Ok, I'm going to start with a fresh 8.1 today.  In the past, all my other systems have ended up with a huge mess in ports with broken dependencies or won't even build.  So hopefully I can start doing this right on 8.1:

1: cvs lastest port tree.

2: read /usr/ports/UPDATING

3: install port like this to recursively build all dependencies:
`portmaster -rv "dir/port name"`

4. upgrading:
The only time I want to upgrade ports if if their is a security advisory.
check: http://www.vuxml.org/freebsd/
Install portaudit.

If security advisory, update a port and all it's dependencies:
Do steps 1, 2 and then if no special instructions:
`portmaster "portname"`

else, do whatever UPDATING says.

5: deleting:
To delete a port an all it's dependencies (that aren't used by other ports:
`portmaster -e "portname"`
`portmaster -s "portname"`



Does that look right?  Will that keep my ports running smooth?

What happens if when I updgrade (as above) and it rebulids a dependencies that is used by another package.  Will that other package be automatically rebuild it, or do I have to manually build it?  How will I know if I need to manually rebuild it?

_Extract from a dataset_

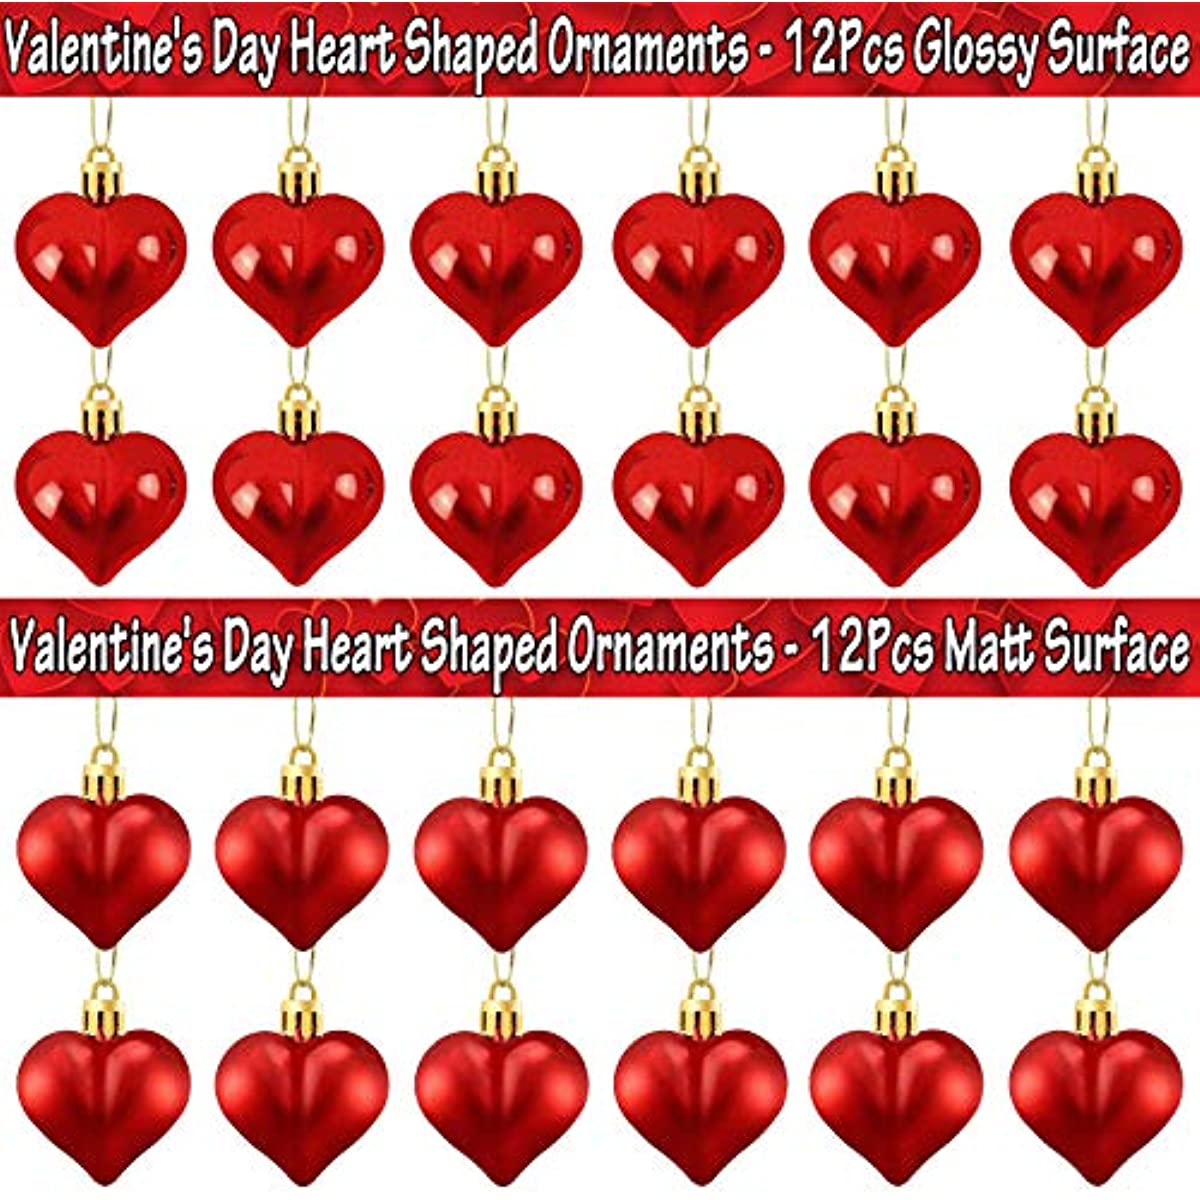 24 Stück, Valentinstag Herzförmige Ornamente, glänzende und matte Herzkugeln hängende Dekorationen für Valentinstag Hochzeit Jubiläum Home Party Dekor

Should I use the -w option to save old libraries incase another package needs them?  I don't mind having old libs and old packages as long as they don't have any security advisories on them (or bugs that affect me )


----------



## UNIXgod (Aug 20, 2010)

Can't answer your portmaster questions as I'm a portupgrade user. But I can tell you to install portaudit. You can run it by hand or set up perodic. may save you from grepping vuxml daily.


----------



## dbi (Aug 21, 2010)

portA depends on portB and portC.
You install portA by "portmaster category/portA" and it automatically pulls portB and portC as dependencies.
If there is an update for portC you use "portmaster -r category/portC" to rebuild portA along with portC.
In most of the cases when there is an update for portC, port mainters bump the version of all ports that depend on it, so you won't need to manually force rebuilding by the "-r" option.
In short use "portmaster category/port" for initial installation and then "portmaster -a" to keep your software updated.


----------